When it becomes HGW’s job to do surveillance on a “suspicious” writer,
Georg Dreyman, and consequently his actress girlfriend, Christa Sieland, the officer
begins to empathize with the “enemies of the state.” As we first encounter Dreyman
at the play he wrote, Facts of Love, Minister Hempf of the East German government,
tells Dreyman that unlike the characters in his plays, “People don’t change.”
Ironically HGW, who originally looked like the story’s antagonist, (spying on a man
who seems to be the story’s protagonist) ends up being the hero in a world in which
everyone that is not part of the state is treated as the “enemy.”

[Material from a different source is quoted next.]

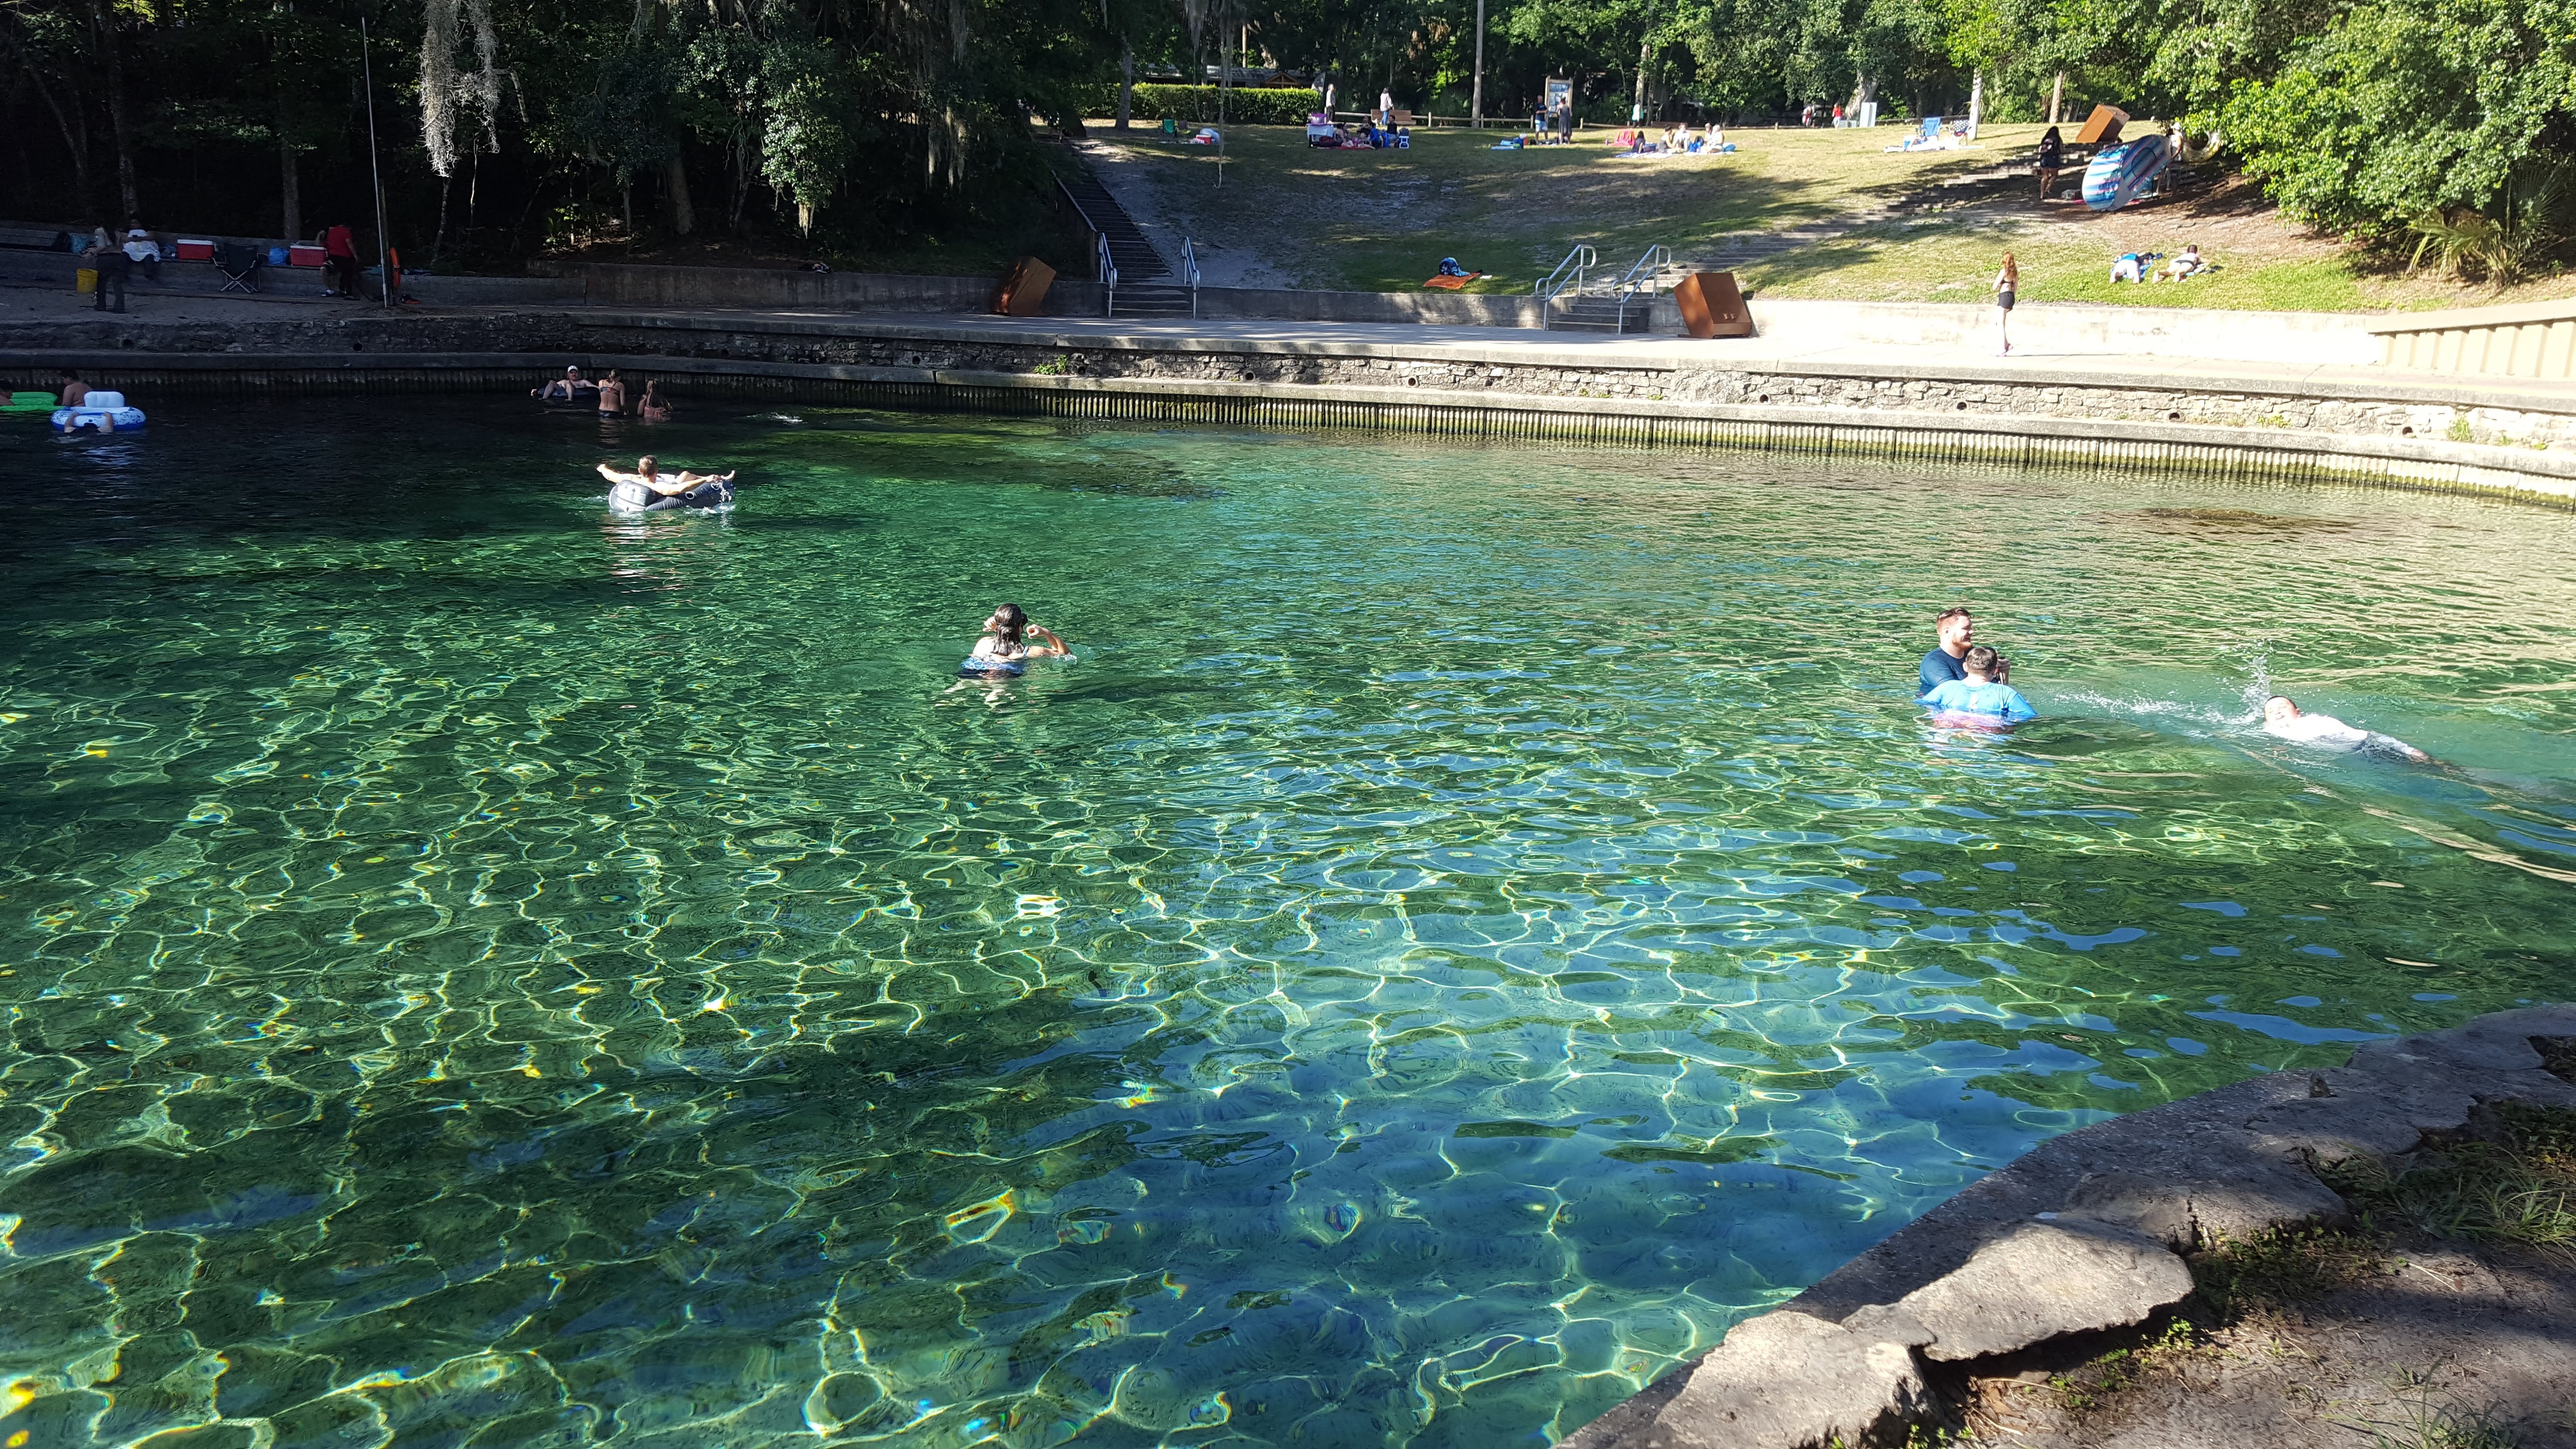 How to Make the Most of Wekiwa Springs State Park

As the story progresses and HGW decides to cover for the criminal acts of
Dreyman and his cohorts. In this work, HGW illustrates how the self depends on
others to define itself. He begins to immerse himself in the lives of Dreyman and
Sieland, gaining pleasure from their innermost thoughts, actions, and
communications. His once hard heart softens as he disproves the belief that people
cannot change. In such a harsh environment, it becomes difficult not to become
swallowed by the negative culture that one is brought up in.

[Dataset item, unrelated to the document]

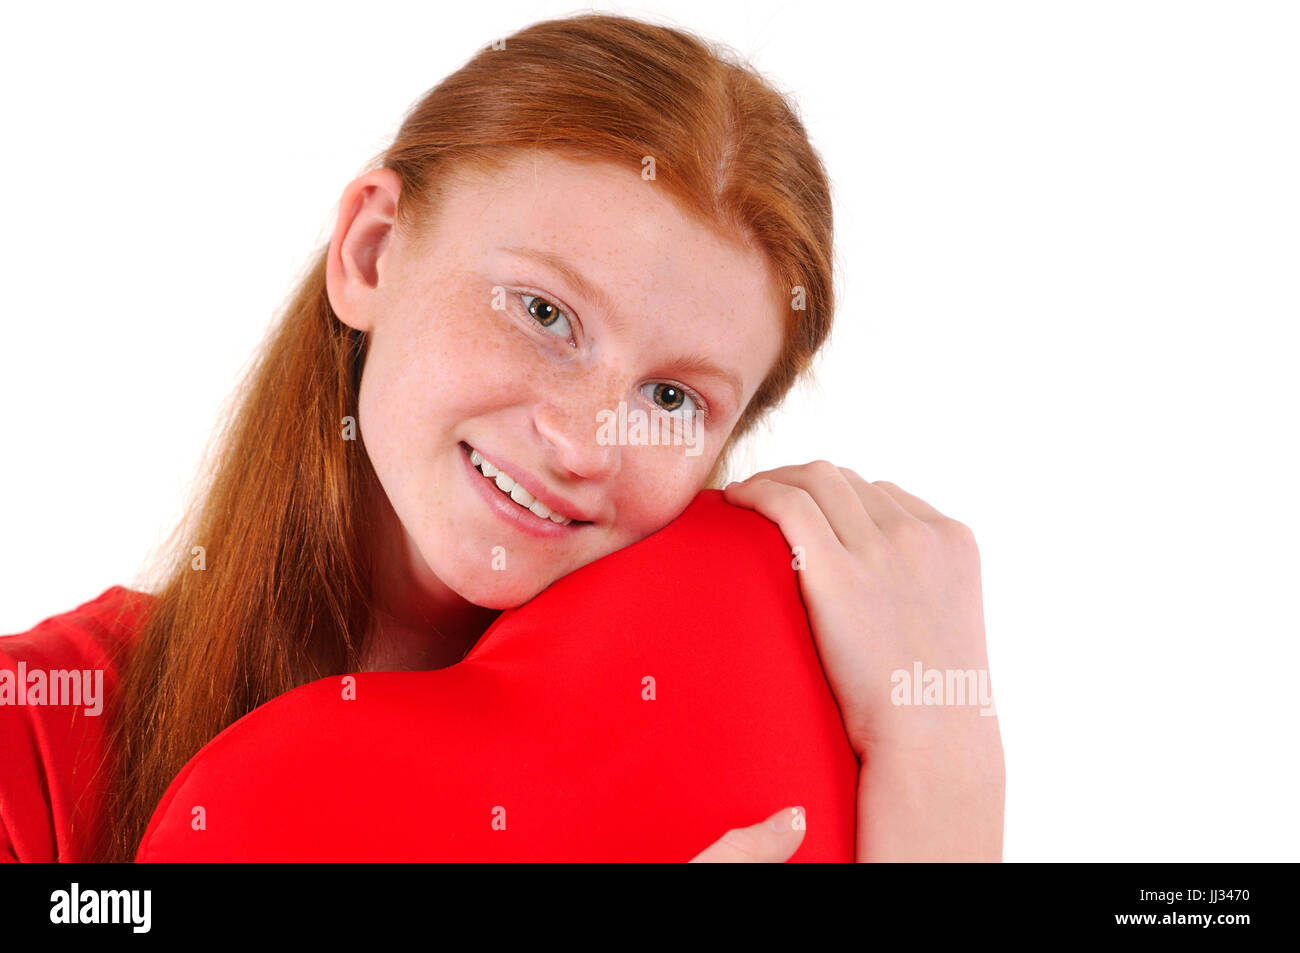 Young red hair girl tenderly hug a heart shape on white background. Happy smiling lifestyle people concept. Human emotions. Stock Photo

This film also elaborates on the theme of life and death. Dreyman and his
friends, classified as enemies of the state, expose the dark side of living in the dreary
world of 1984’s East Germany, as they write and publish an article about the
nation’s suicide rates. The suicides (including that of his friend, Jerska), were
described (rather frustratingly to Dreyman) as “self-murders.” This article prompts
the demotion of HGW, the betrayal by and death of Sieland, and the near
imprisonment of Dreyman. Each of these tragic events were brought about by the
horrific environment of the story, and thusly the reflections of said environment
with the selves of these characters.
One theme that is relevant in this work as well as our previously discussed
work, The Left Hand of Darkness, is that of truth and trust. As the story evolves and
the pivotal roles are assigned to Sieland and Estraven, (respectively), the question of
who and how much to trust comes to the forefront of the stories. Sieland, however,
proves that she is not worth trusting as she exposes the secrets of her boyfriend,
when she tells the Stasi the location of the typewriter on which wrote the
scandalous article regarding suicide rates in East Germany. She, much like Estraven
comes to a tragic end when she commits a self-murder by running into oncoming
traffic. Sieland illustrates the other prominent theme of the story, that people can
change, as she felt such immense guilt for the potential imprisonment of Dreyman.
This work was a fascinating and compelling chronicle of the lives of HGW and
Dreyman. Its story proves that people who have never met can change each other in
the most monumental ways, through truth, trust, and a bit of extraordinary thinking.